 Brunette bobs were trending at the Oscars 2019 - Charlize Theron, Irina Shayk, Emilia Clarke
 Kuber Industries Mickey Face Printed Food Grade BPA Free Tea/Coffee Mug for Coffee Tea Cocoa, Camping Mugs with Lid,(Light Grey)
* * *
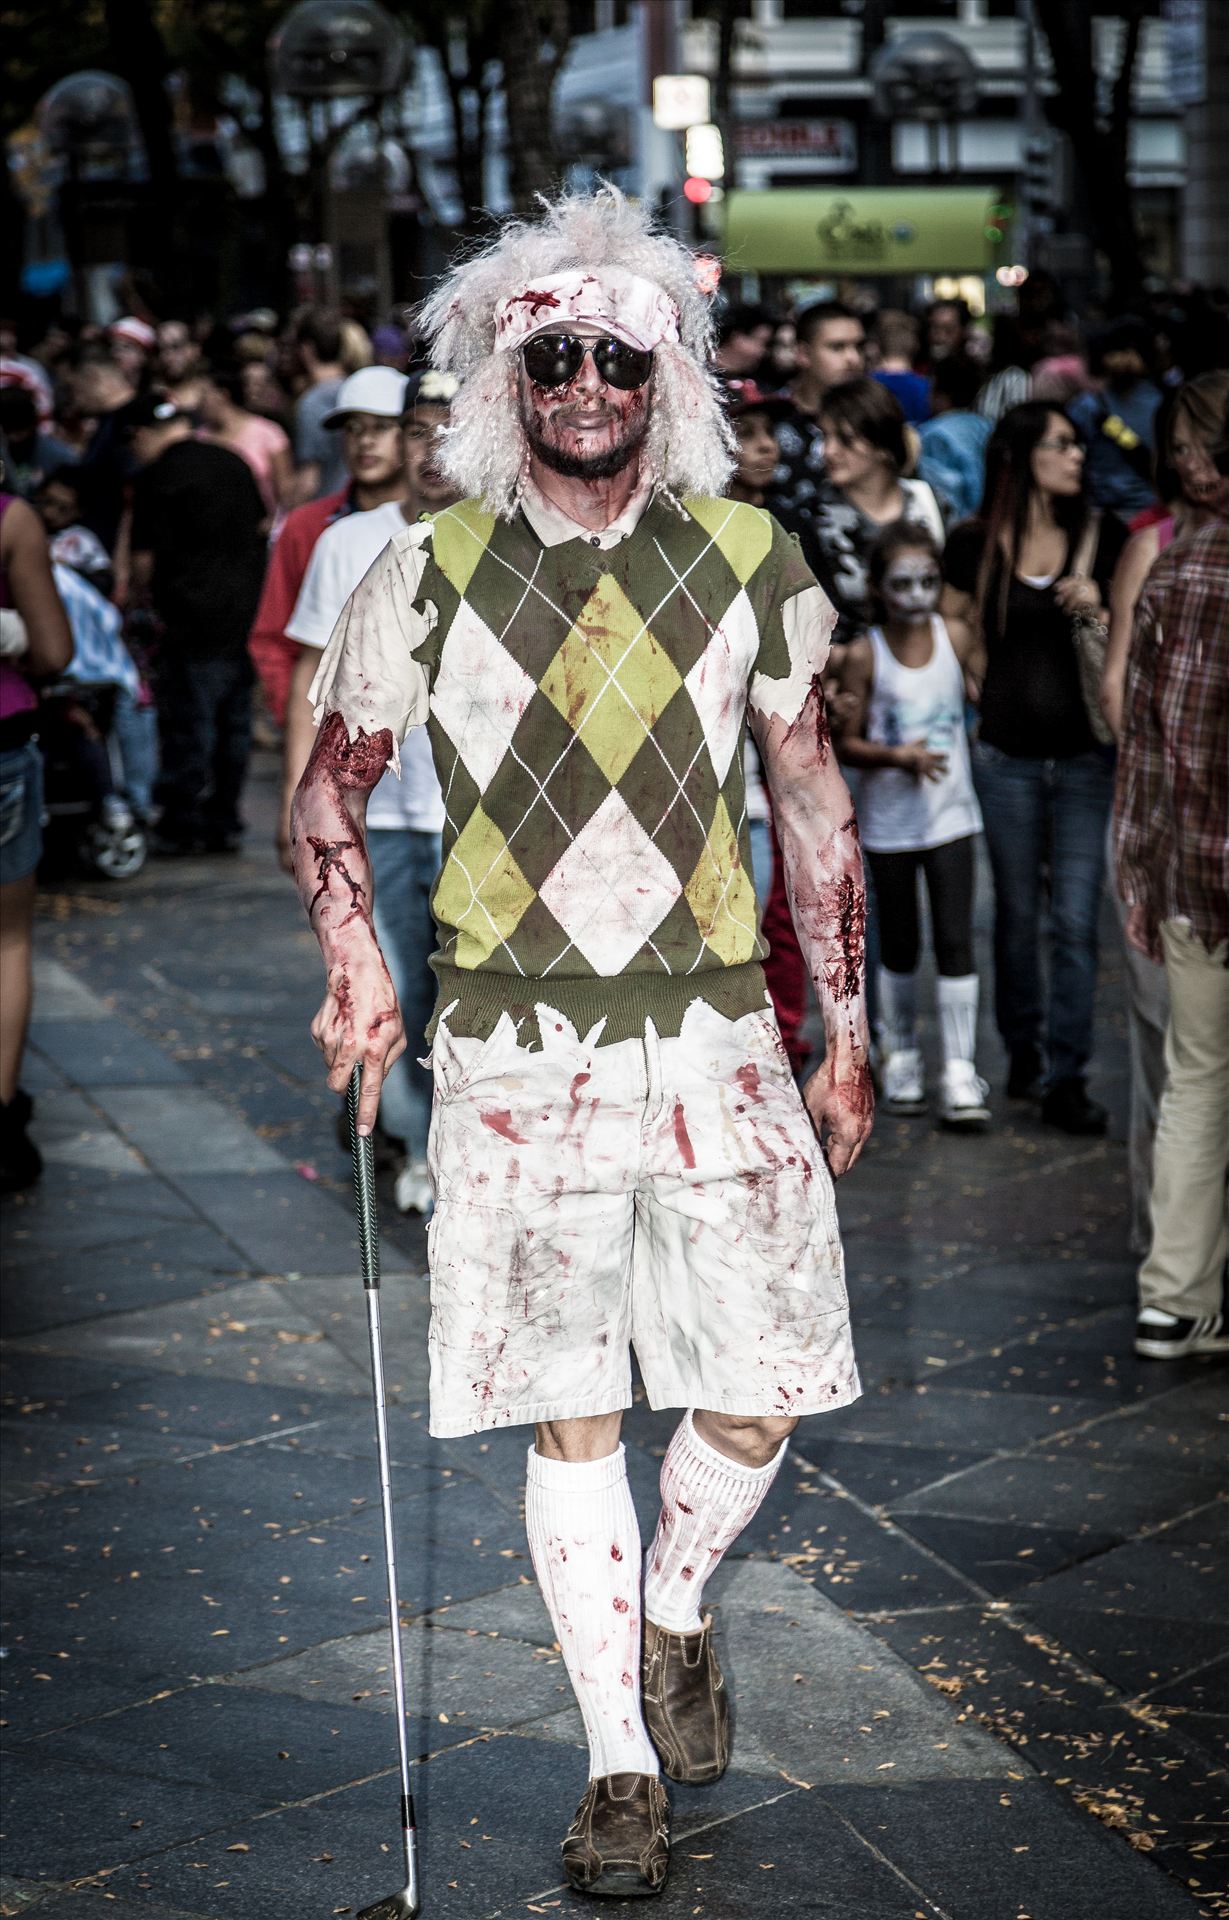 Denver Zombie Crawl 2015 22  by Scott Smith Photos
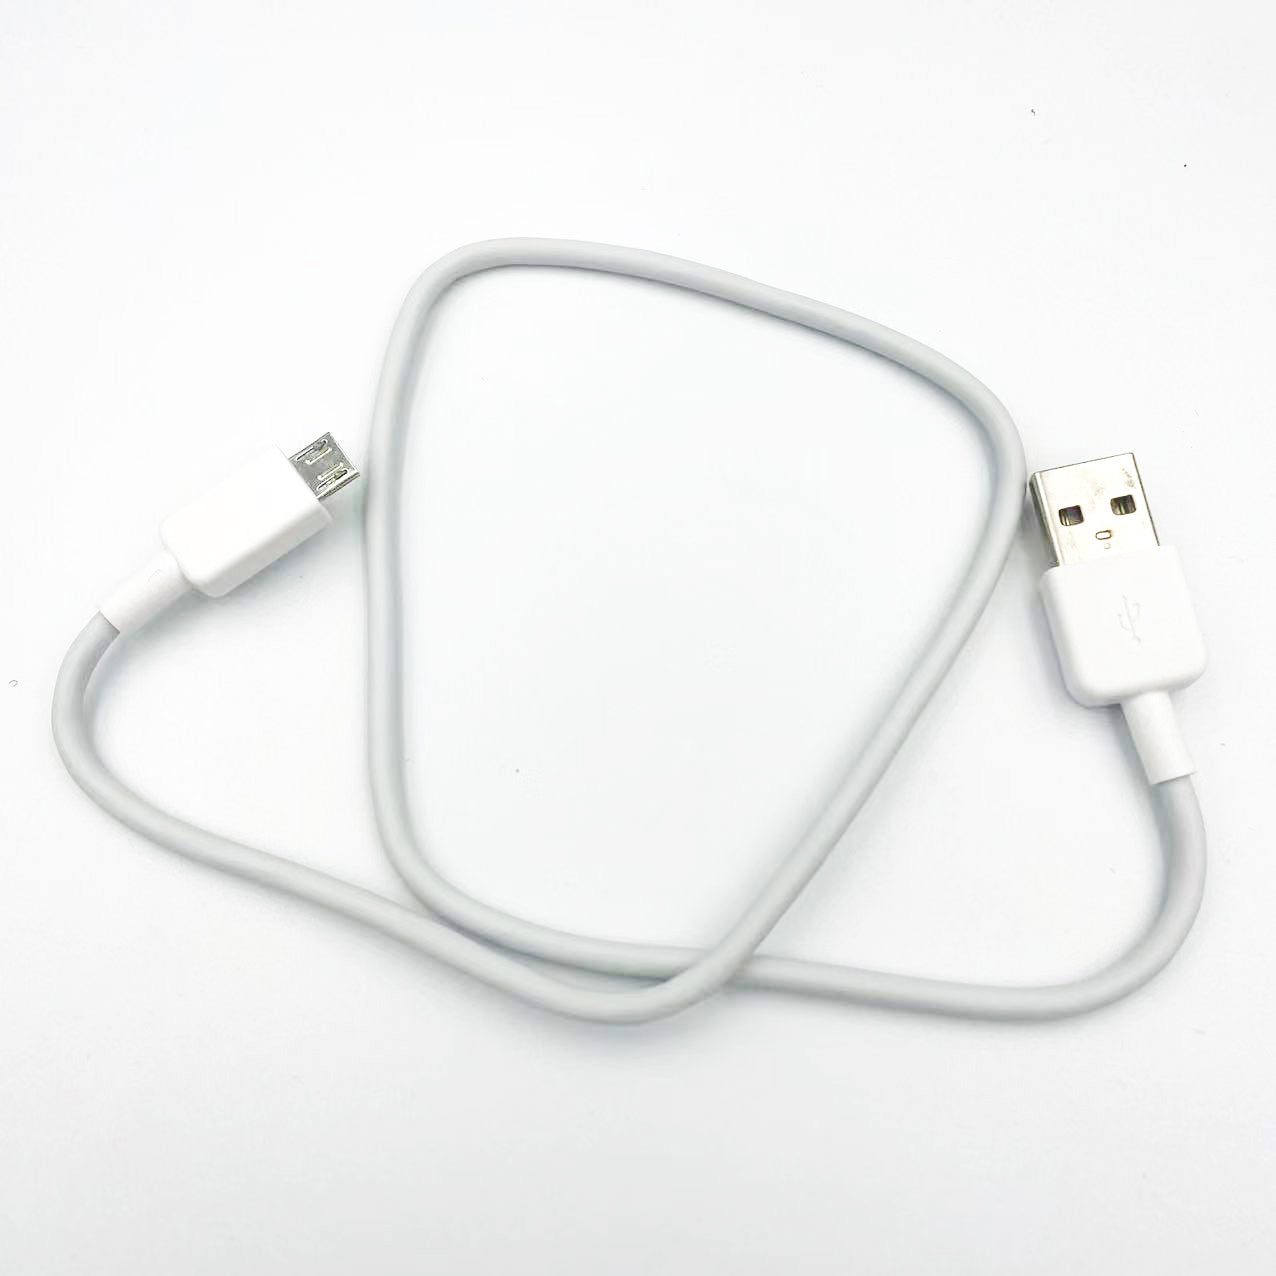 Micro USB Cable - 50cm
...
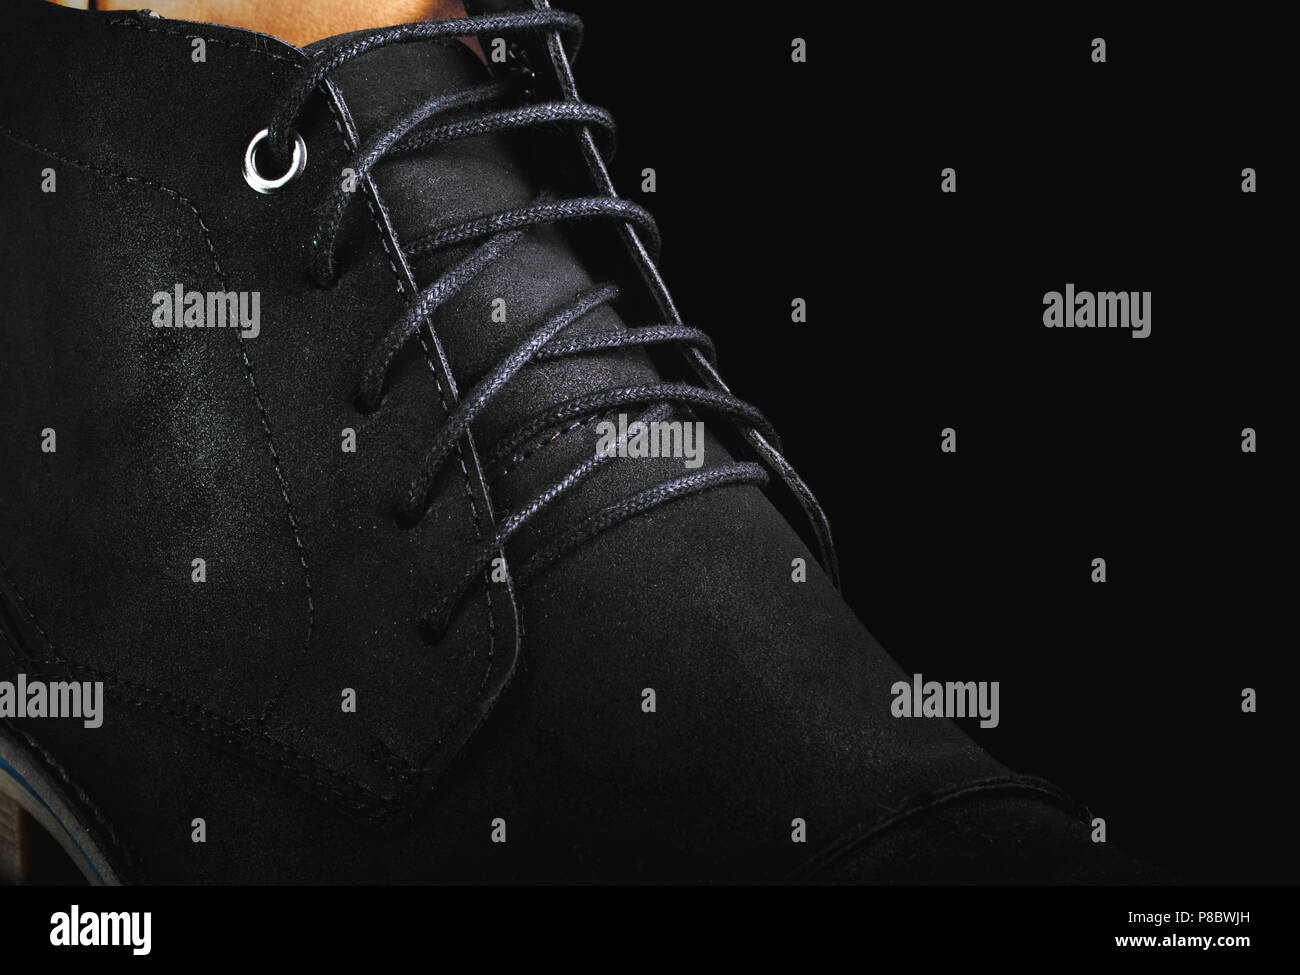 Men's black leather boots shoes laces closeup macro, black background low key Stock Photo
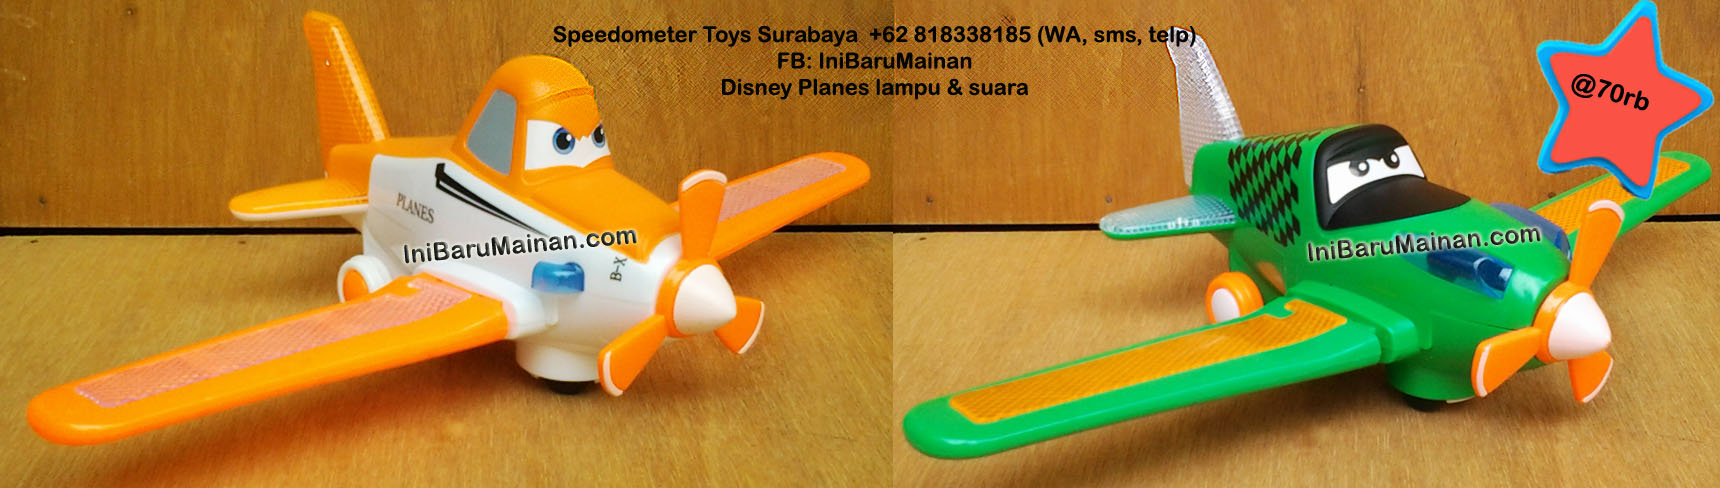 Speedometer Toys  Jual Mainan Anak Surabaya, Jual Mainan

◆ **WORK REQUEST**
Each line above that falls between the line with "Denver Zombie Crawl" and the line with "Micro USB Cable - 50cm" should be printed exactly, together with those two lines, but the pictures should not.

◆ **COMPLETED EXERCISE**
 Denver Zombie Crawl 2015 22  by Scott Smith Photos
 Micro USB Cable - 50cm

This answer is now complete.